Arthur shakes his head and looks away, but he already made the decision. “I’ll head out in the morning.”
Dutch places his hand on Arthur’s cheek. “Thank you, son.”
“After I get the money back, I want to check on Miss Emmeline.”
Dutch pulls back for a moment. “Is there something you need to tell me, Arthur?”
Arthur furrows his brows in confusion. “What do you mean?”
“I sent you out there to get Emmeline back on her feet, not sweep her off them,” he replies with some venom.
“It ain’t like that, Dutch.”
“Just because I haven’t been in that girl’s life, it don’t mean I ain’t her father. So you make sure it stays not like that .” Dutch turns around and heads back to camp without looking back.
Arthur watches as Dutch walks way. The conversation he just had rattles around in his head. He has a place here in the gang. He has a job. He’s supposed to be the one that follows Dutch’s orders. Faithfully. Without question.
So why does he feel so conflicted.
Arthur mills around the camp catching up with people before settling down in the tent Miss Grimshaw set up for him. Before he lays his head down, he pulls out his journal to write an entry.
Got called back to camp.
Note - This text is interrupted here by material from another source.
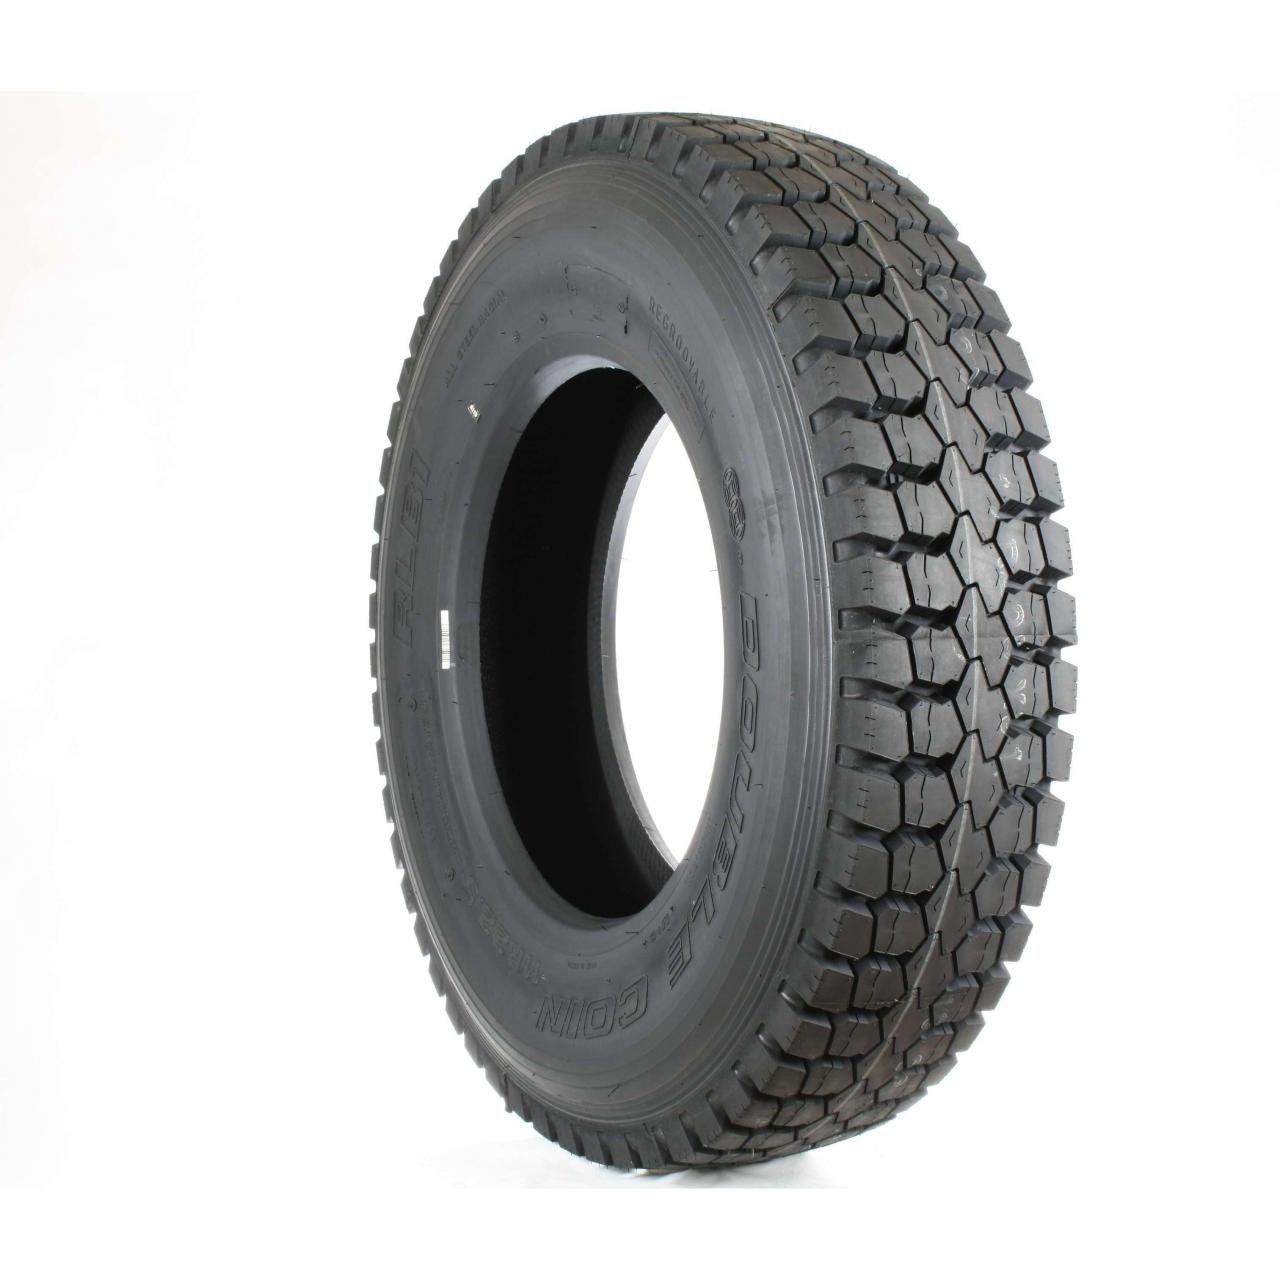 265/70R19.5 16 ply Double Coin RT600 Premium Low Profile  Regional/All-Position Steer Commercial Radial Truck Tire

It seems that Micah somehow convinced Dutch into a harebrained robbery of a ferry carrying a lot of money. Predictably, it went south. Poor Jenny and the Callander boys lost their lives. And the camp is low on funds and supplies.
Dutch pulled me back in to go and collect the money that was left in Blackwater. I guess, because I’ve been staying with Miss Emmeline, the law don’t think I’m with the gang no more. Which means I ain’t got a price on my head for the robbery. And hopefully I won’t get shot the second I set foot in the city.
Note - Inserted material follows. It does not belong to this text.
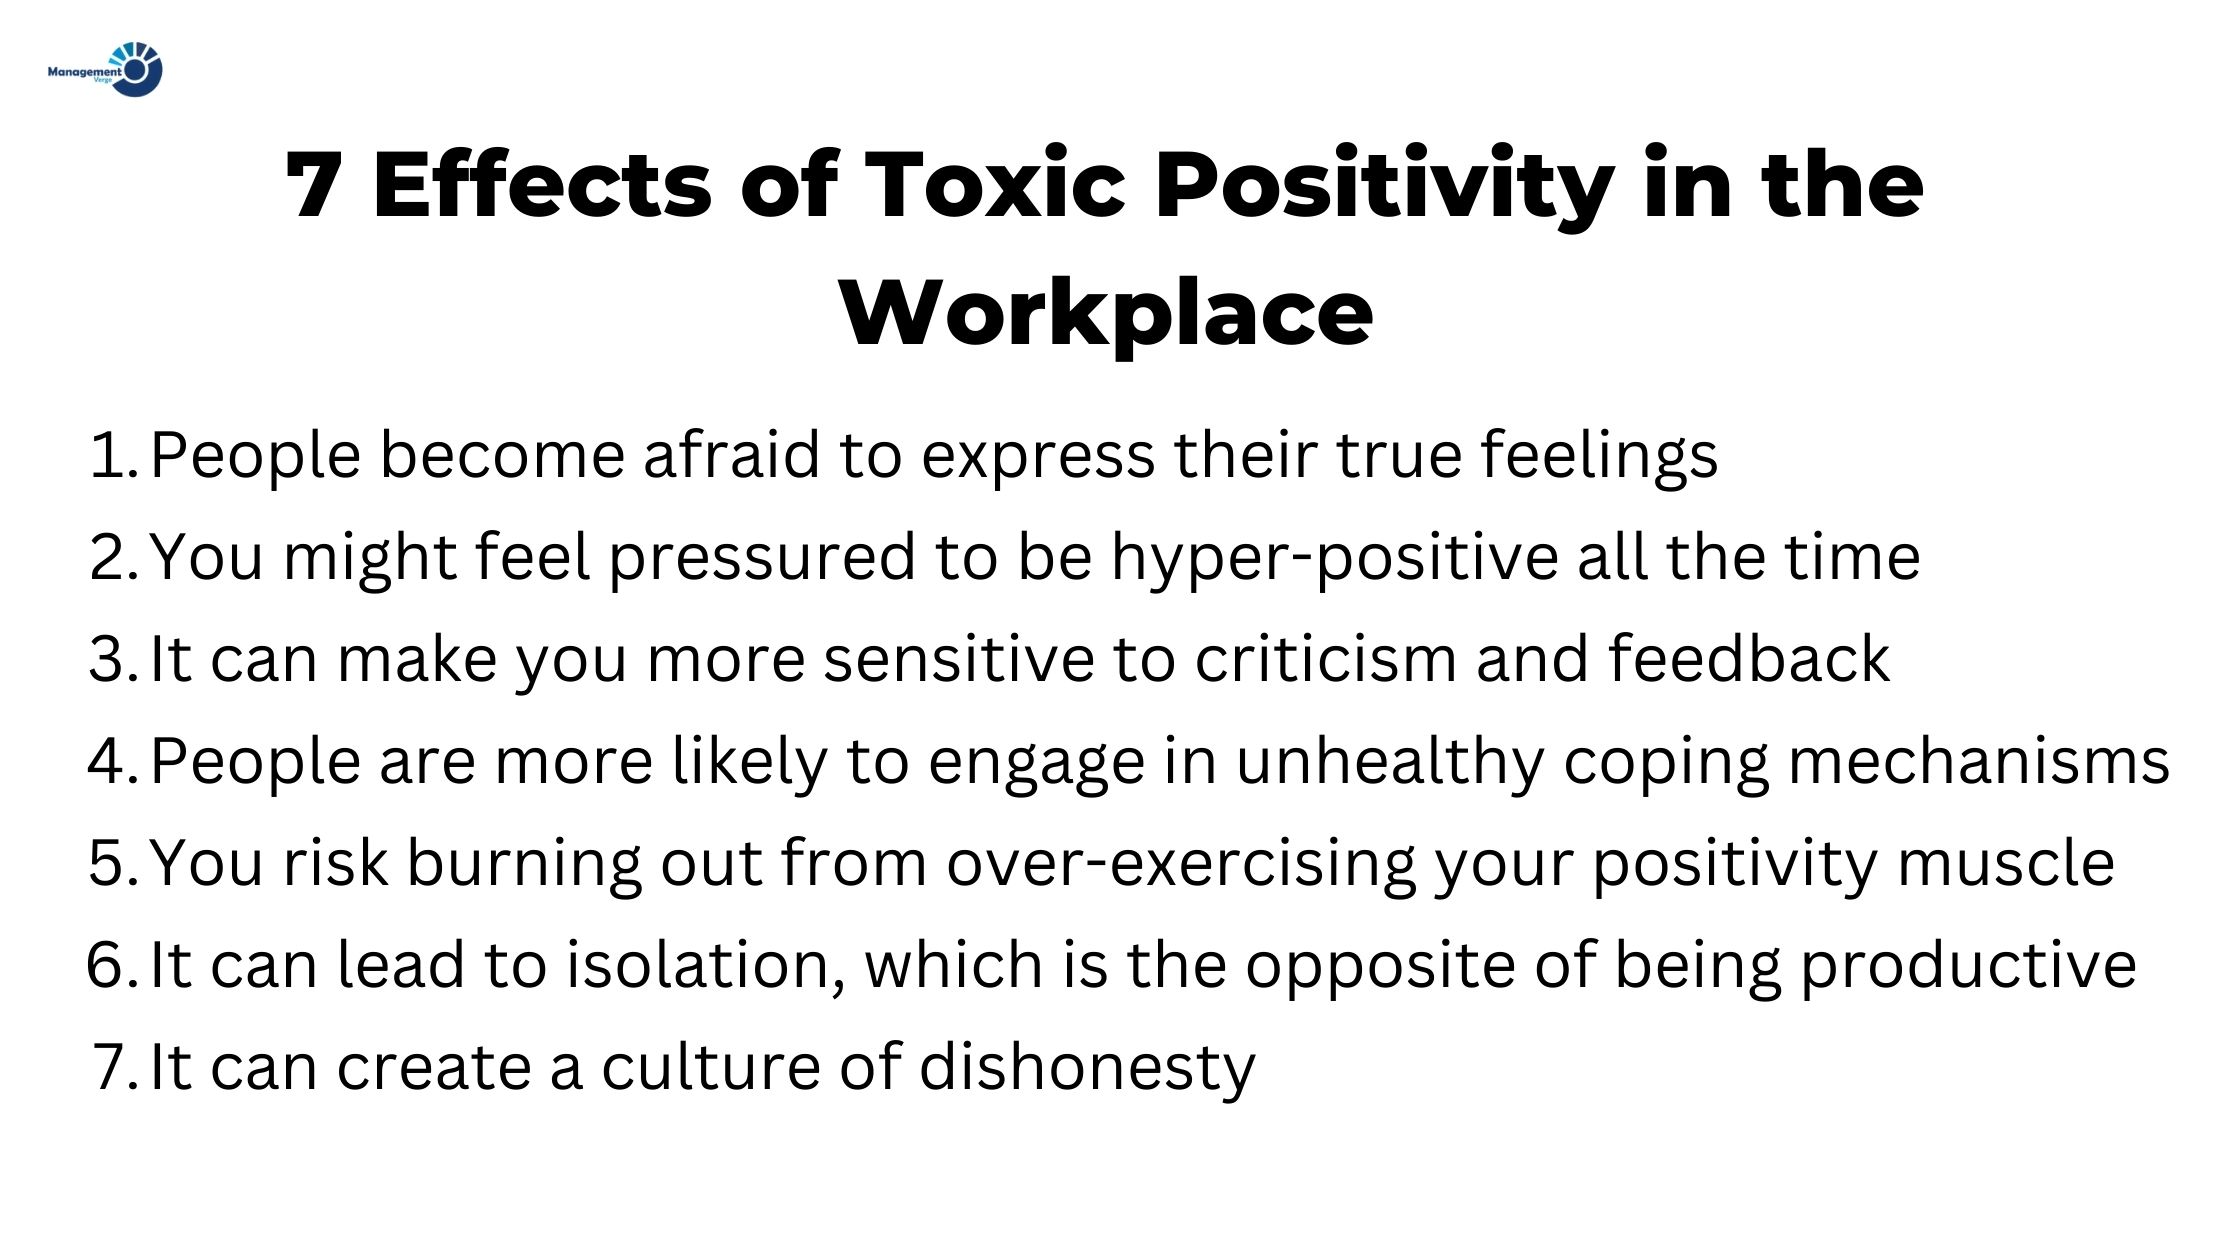 Effects of Toxic Positivity in the Workplace

Leaving Miss Emmeline was harder than I thought it would be. Even now, I want to ride off to check on her, but the gang needs me. Dutch needs me here right now. After I bring back the money tomorrow, I’ll check on her.
After that, I’m not sure what will happen. It seems if we get back the money in Blackwater, we’d have enough to buy us some land out west and actually settle down. Maybe Miss Emmeline could come with us. If we’re just ranchers or whatever we’re gonna be out there, she could be there, too. We won’t be outlaws no more.
She wouldn’t have to be with me. Dutch is right. She shouldn’t be with me, but she could still be part of the camp after we go straight. I know she’s smart enough to live out in her house on her own, but I don’t want her to. I don’t want her to be alone. I’m sure she don’t want to be alone, either.
Of course, none of that is gonna happen if I can’t get into Blackwater and get out with the money.
He sketches a picture of Emmeline smiling happily after she had caught her first fish, the hem of her dress soaking up the water at the edge of the pond.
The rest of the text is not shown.